Perché i senatori siedono e non fan leggi?
Oggi arrivano i barbari.
Che leggi devon fare i senatori?
Quando verranno le faranno i barbari.
Perché l’imperatore s’è levato
così per tempo e sta solenne in trono,
alla porta maggiore incoronato?
Oggi arrivano i barbari.
L’imperatore aspetta di ricevere
il loro capo. E anzi ha già disposto
l’offerta d’una pergamena. E là
ha scritto loro molti titoli ed epiteti.
Perché i nostri due consoli e i pretori
sono usciti stamani in toga rossa?
Perché i bracciali con tante ametiste,
gli anelli con gli splendidi smeraldi luccicanti?
Perché brandire le preziose mazze
coi bei caselli tutti d’oro e argento?
Oggi arrivano i barbari,
e questa roba a loro fa impressione.
Perché i valenti oratori non vengono
a pronunciare i loro discorsi, come sempre?
Oggi arrivano i barbari:
sdegnano la retorica e le arringhe.
Perché d’un tratto questo smarrimento
ansioso? I volti come si son fatti seri!
Perché rapidamente strade e piazze
si svuotano, e ritornano tutti a casa confusi?

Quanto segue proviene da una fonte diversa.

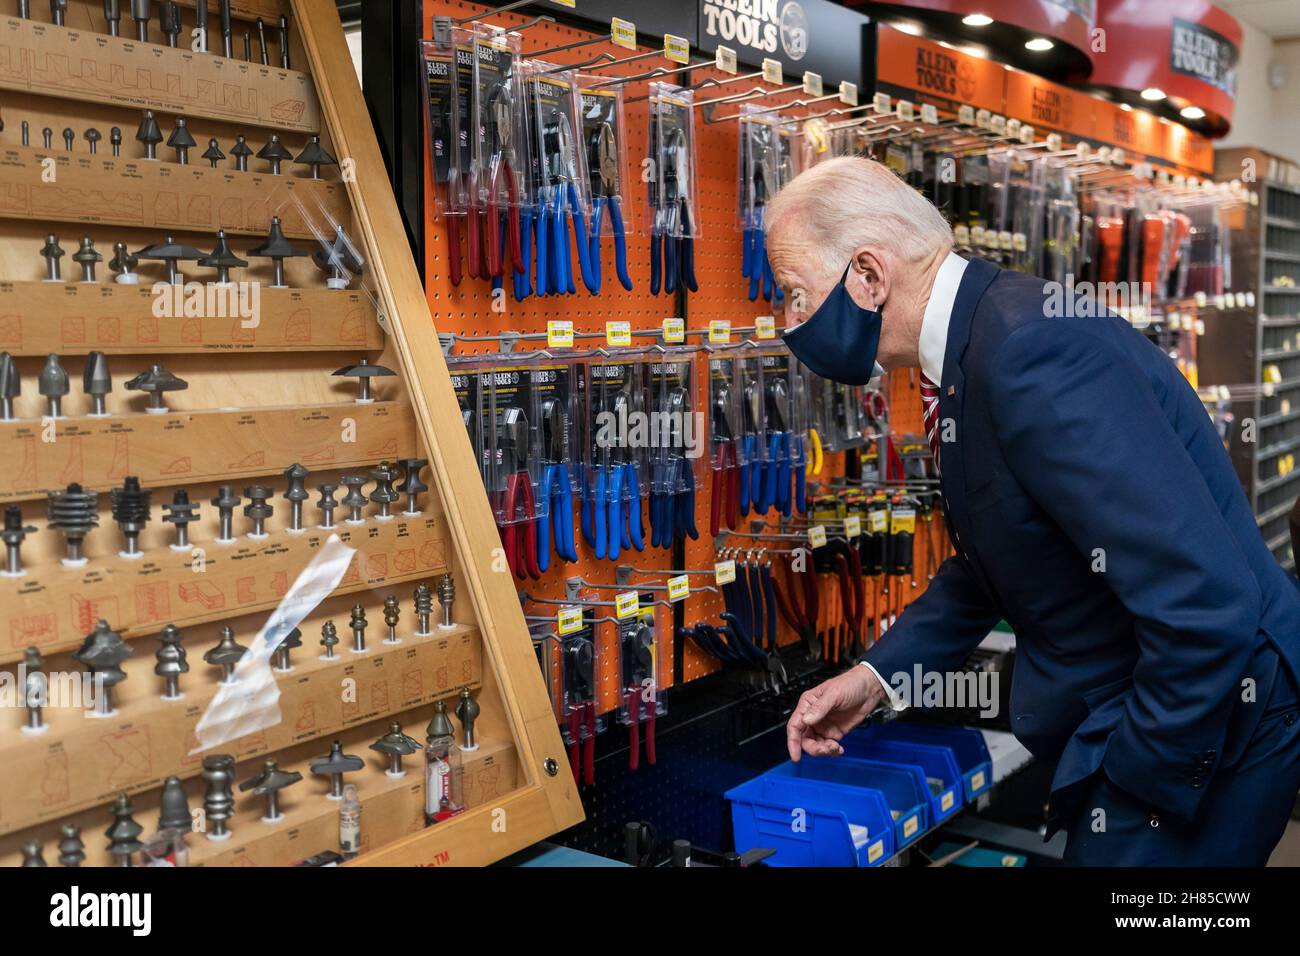 Nantucket, United States Of America. 26th Nov, 2021. Nantucket, United States of America. 26 November, 2021. U.S President Joe Biden, shops at a small business during Black Friday sales day November 26, 2021 in Nantucket, Massachusetts. Biden spend the day visiting local shops and attending the annual village Christmas tree lighting ceremony with his family. Credit: Adam Schultz/White House Photo/Alamy Live News Stock Photo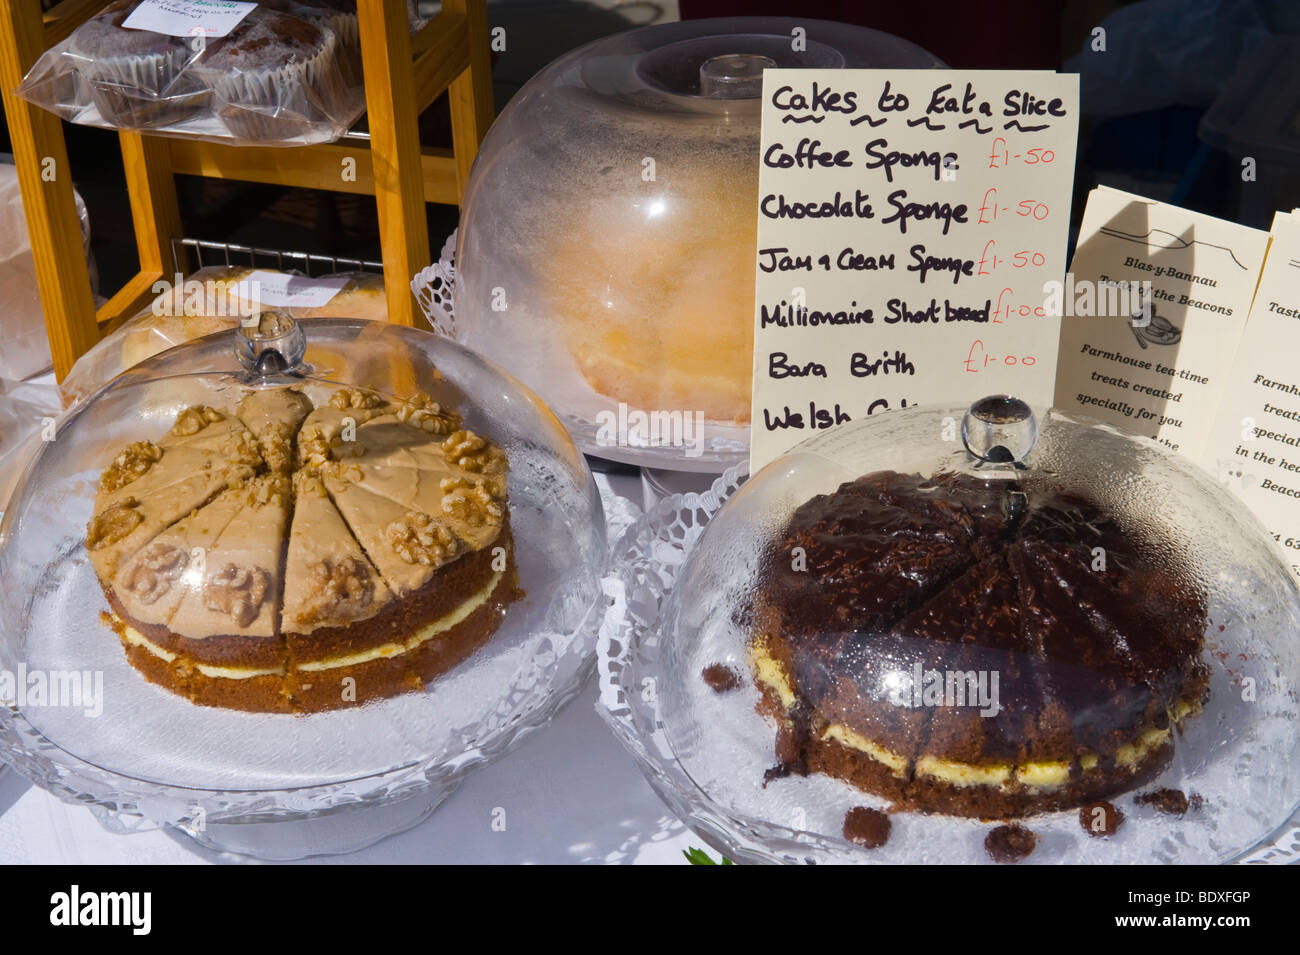 Cakes for sale at farmers market in UK Stock Photo

S’è fatta notte, e i barbari non sono più venuti.
I messaggeri sono giunti dai confini
e han detto che di barbari non ce ne sono più.
E adesso, senza barbari, cosa sarà di noi?
Era una soluzione, quella gente.
Poesia di Kavafis dedicata a chi deve dire un sì o un no.
Si può restare puri anche dicendo un sì, se lo si dice col cuore e non per servilismo o per paura:
*******
Che fece... il gran rifiuto
Arriva per taluni un giorno, un'ora
in cui devono dire il grande Sì
o il grande No. Subito appare chi
ha pronto il Sì: lo dice e sale ancora
nella propria certezza e nella stima.
Chi negò non si pente. Ancora No,
se richiesto, direbbe. Eppure il No,
il giusto No, per sempre lo rovina.
di Costantino Kavafis
Se non puoi la vita che desideri
cerca almeno questo
per quanto sta in te: non sciuparla
nel troppo commercio con la gente
con troppe parole in un viavai frenetico.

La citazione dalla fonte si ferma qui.